Et l’homme eut un sourire oblique, comme pour s’excuser.

— Et votre frère ?…

— Ce n’est pas la même chose… Jean était sérieux… A l’école, il a obtenu une bourse et il a pu entrer au collège… Quand j’ai quitté la Belgique pour le Congo, il n’avait que treize ans et depuis je ne l’ai pas revu…

» J’ai eu quelquefois des nouvelles, car il m’arrive de rencontrer des Liégeois… Le collège fini, des gens se sont occupés de lui pour lui permettre de suivre les cours de l’Université…

» Il y a dix ans de cela… Par la suite, tous les compatriotes que j’ai vus m’ont dit qu’ils ne savaient rien de lui, qu’il avait dû gagner l’étranger, car on n’en entendait plus parler…

» Cela m’a porté un coup de voir la photographie, et surtout de penser qu’il était mort à Brême, sous un faux nom…

» Vous ne pouvez pas comprendre… Moi, je suis mal parti… J’ai raté… J’ai fait des bêtises…

» Mais, quand je me souviens de Jean, à treize ans… Il me ressemblait, avec quelque chose de plus calme, de plus sérieux… Il lisait déjà des vers… Il passait des nuits à étudier, tout seul, en s’éclairant de bouts de bougie qu’un sacristain lui donnait…

» J’étais sûr qu’il deviendrait quelque chose… Tenez ! tout gamin, il n’aurait pas couru les rues pour tout l’or du monde… Au point que les mauvais garçons du quartier se moquaient de lui !…

» Moi, j’avais toujours besoin d’argent et je n’hésitais pas à en réclamer à ma mère, qui se privait pour m’en donner… Elle nous adorait… A seize ans, on ne comprend pas… Mais je me souviens maintenant d’un jour que j’ai été odieux, parce que j’avais promis à une gamine de la conduire au cinéma…

» Ma mère n’avait pas d’argent… Je pleurais, je menaçais… Une œuvre venait de lui fournir des médicaments et elle est allée les revendre…

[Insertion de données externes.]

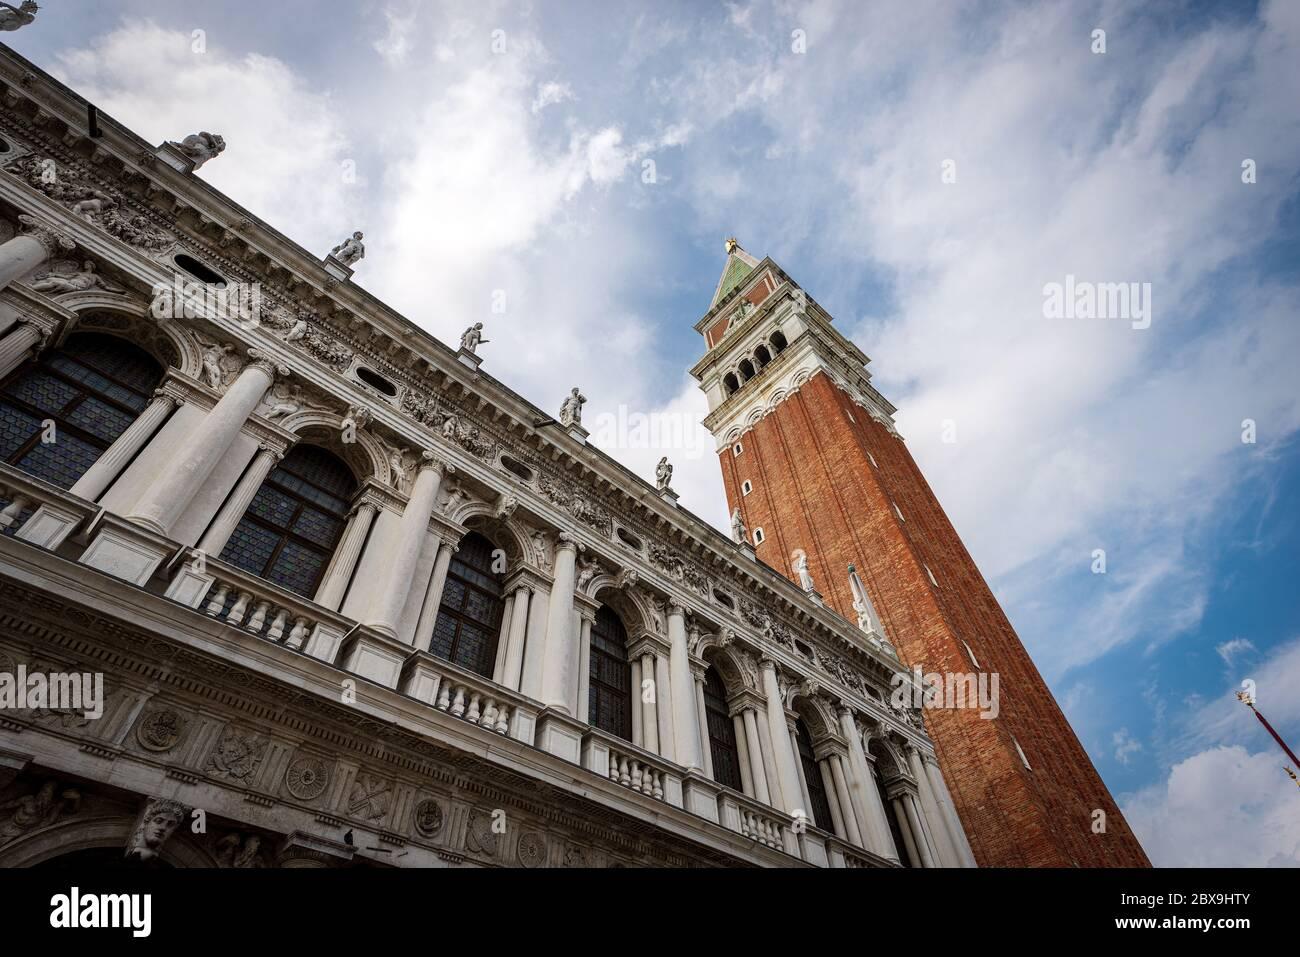 Venecia Italia, Piazza San Marco, con el campanario (Campanile) y el palacio de la Biblioteca Nazionale Marciana (Biblioteca). Veneto, Italia, Europa Foto de stock

» Vous comprenez ?… Et voilà que c’est Jean qui est mort, comme ça, là-bas, sous un autre nom !…

» J’ignore ce qu’il a fait… Je n’arrive pas à croire qu’il a suivi la même route que moi… Vous penseriez ainsi si vous l’aviez connu enfant…

» Est-ce que vous savez quelque chose ?…

Maigret rendit le passeport à son interlocuteur.

— Connaissez-vous, à Liège, des Belloir, des Van Damme, des Janin, des Lombard ? questionna-t-il.

— Un Belloir, oui… Le père était médecin, dans notre quartier… Le fils faisait des études… Mais c’étaient des gens « bien », qui ne me regardaient pas…

— Et les autres ?…

— J’ai déjà entendu le nom de Van Damme… Il me semble qu’il y avait, rue de la Cathédrale, une grande épicerie de ce nom… Mais c’est déjà si vieux !…

Et Armand Lecocq d’Arneville ajouta après une courte hésitation :

— Je pourrai voir le corps de Jean ?… On l’a ramené ?…

— Il arrivera à Paris demain…

— On est sûr qu’il s’est vraiment tué ?…

Maigret détourna la tête, gêné à l’idée qu’il en était plus que certain, qu’il avait assisté au drame, qu’il l’avait provoqué inconsciemment.

Son interlocuteur tortillait sa casquette, se balançait d’une jambe à l’autre, attendant qu’on lui donnât congé. Et ses yeux enfoncés dans les orbites, ses prunelles pareilles à de gris confetti perdues dans les paupières pâles rappelaient tellement les yeux humbles et anxieux du voyageur de Neuschanz que Maigret sentit dans sa poitrine un âcre pincement qui ressemblait à un remords.

VI

Les pendus

Il était neuf heures du soir. Maigret était chez lui, boulevard Richard-Lenoir, sans faux col, sans veston, et sa femme était occupée à coudre, quand Lucas entra, secoua ses épaules détrempées par la pluie qui tombait à seaux.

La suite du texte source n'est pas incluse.